The Quest For Power. If Vista introduced the glassy Aero look, Windows 7 builds on that translucent effect even more so. That means faster graphics hardware than XP demands. Indexing engines, music sharing, DVD making... all that is of course demanding more hardware and disk. And Vista's (now Windows 7's) march to get us to use 64-bit Windows isn't going away either. Windows 7 has really focused on addressing the performance problems introduced in Vista but you know Windows 7 will still require more beef than most older XP generation hardware can muster. There's most likely a hardware upgrade in your future.

New and Improved. Windows 7's display settings have changed a lot. Microsoft probably spent five to 10 minutes during the 2008 PDC conference demo just showing us improvements in how Windows 7 manages display devices. Libraries in the file system are like tags on steroids; they let you organize things without moving around or duplicating the original files (or creating aliases.) Managing wireless devices seems less cluttered and confusing. There are lots of new doodads in Windows 7 to learn.

Help Windows Help You. You know all of those times you've had the option of participating in the Microsoft customer experience program? Well, that data's gone to good use. The Windows 7 design team looked at everything from how many applications and windows for each app the average user has open, to what's the installation experience like. That's resulted in much less in your face approach in Windows 7. With the changes made to the desktop, task bar and others improvements, Microsoft is betting those changes will improve your experience. That's what they're banking on from the data.

That's also why the emphasis on quicker boot times, a redesigned and easier to use Task Bar, the new Action Center, and many other improvements to the overall Windows Explorer desktop experience. Microsoft figured out that yes, we use e-mail and browser apps a lot, but the core desktop experience is where we really live, resulting in the improvements we've seen in Windows 7.

The Proof's In The User. Ah, the dilemma for XP users. Are Windows 7's changes, tangible and intangible, enough to entice Windows XP users to cross the line and upgrade? My gut says, except for the stalwarts, the answer is yes.

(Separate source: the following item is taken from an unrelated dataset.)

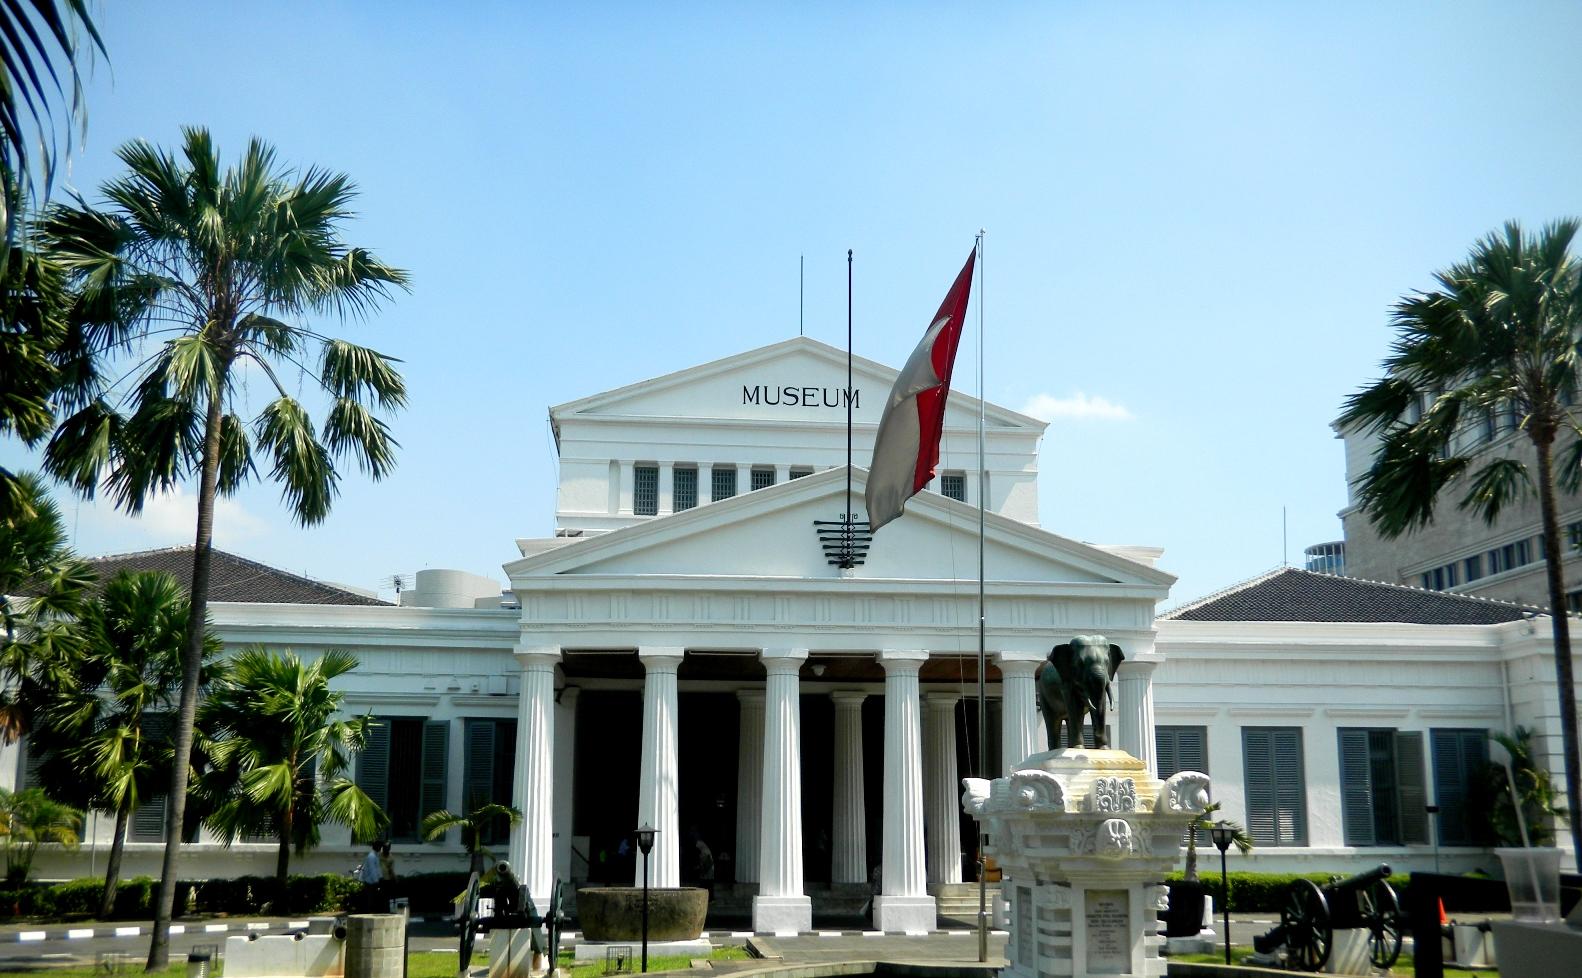 Museum Gajah Jakarta Wisata Sejarah Ke Museum Pertama Di Asia Tenggara Jakarta
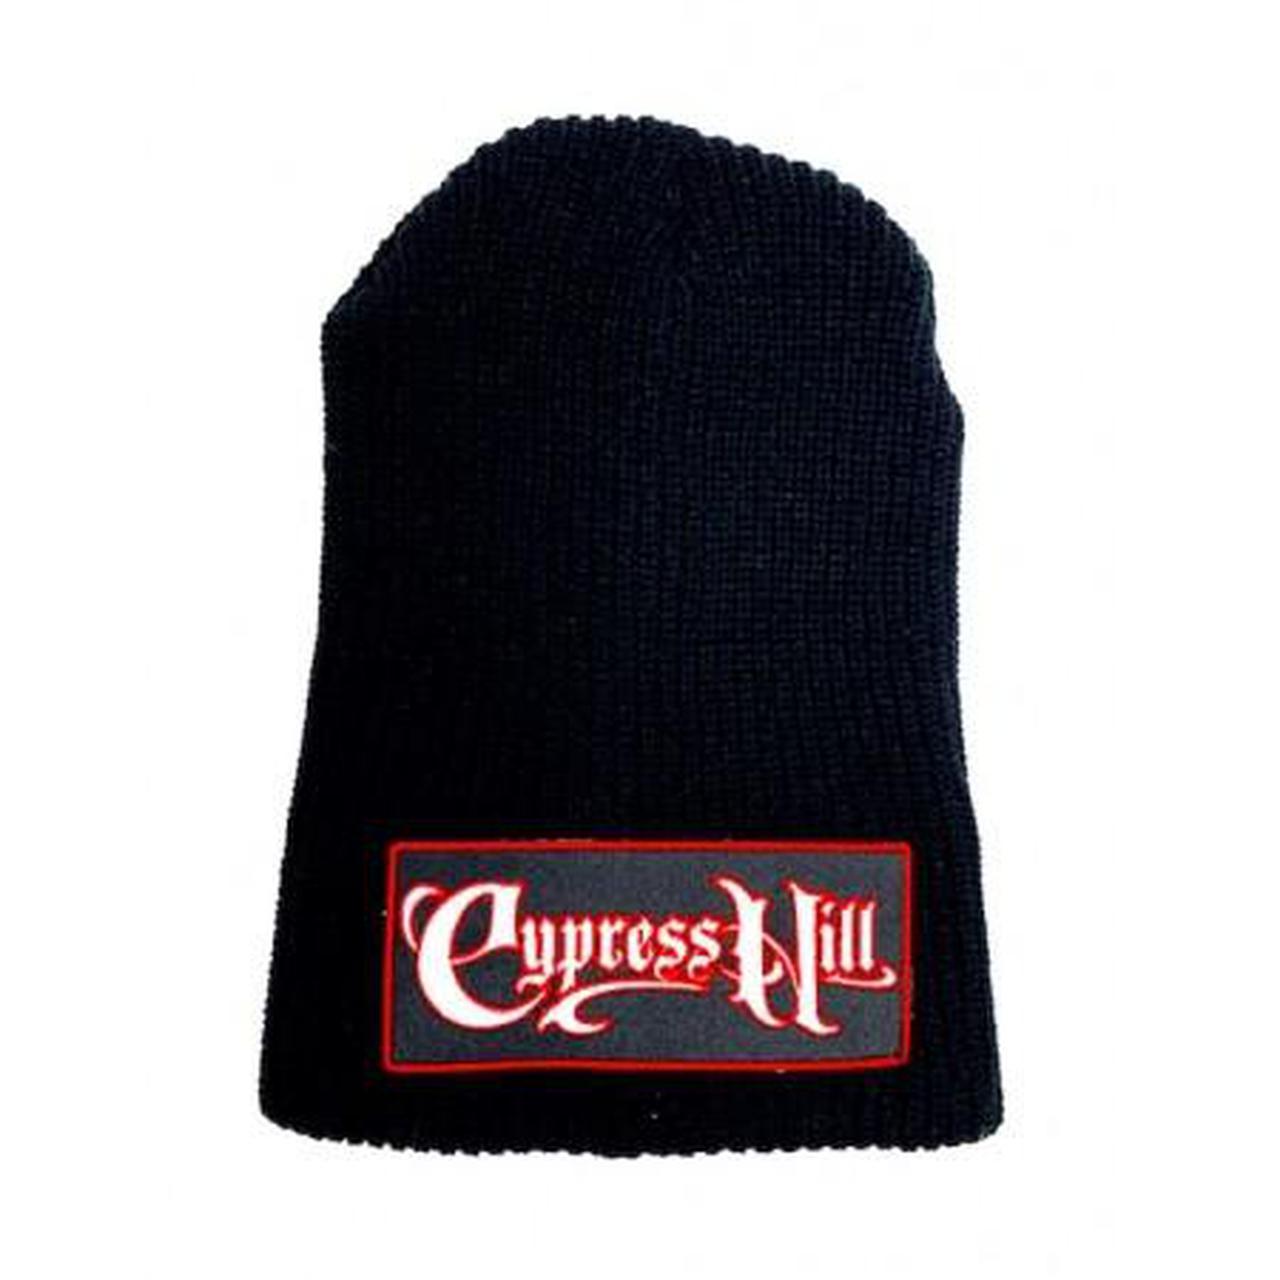 81f72009411 Cypress Hill

My justification? It's in the data ... the customer experience data. That data has guided the Windows 7 team and helped battle off scope creep, feature-itis, and the Vista kitchen sink mentality. But I'm tainted and biased. I've been using Vista since it came out. It's been a long time since I've used an XP machine very much. And I've lead customer experience departments for product companies, and I know the positive impact a well executed customer experience program can bring.

So now ... lets see what Windows XP users say.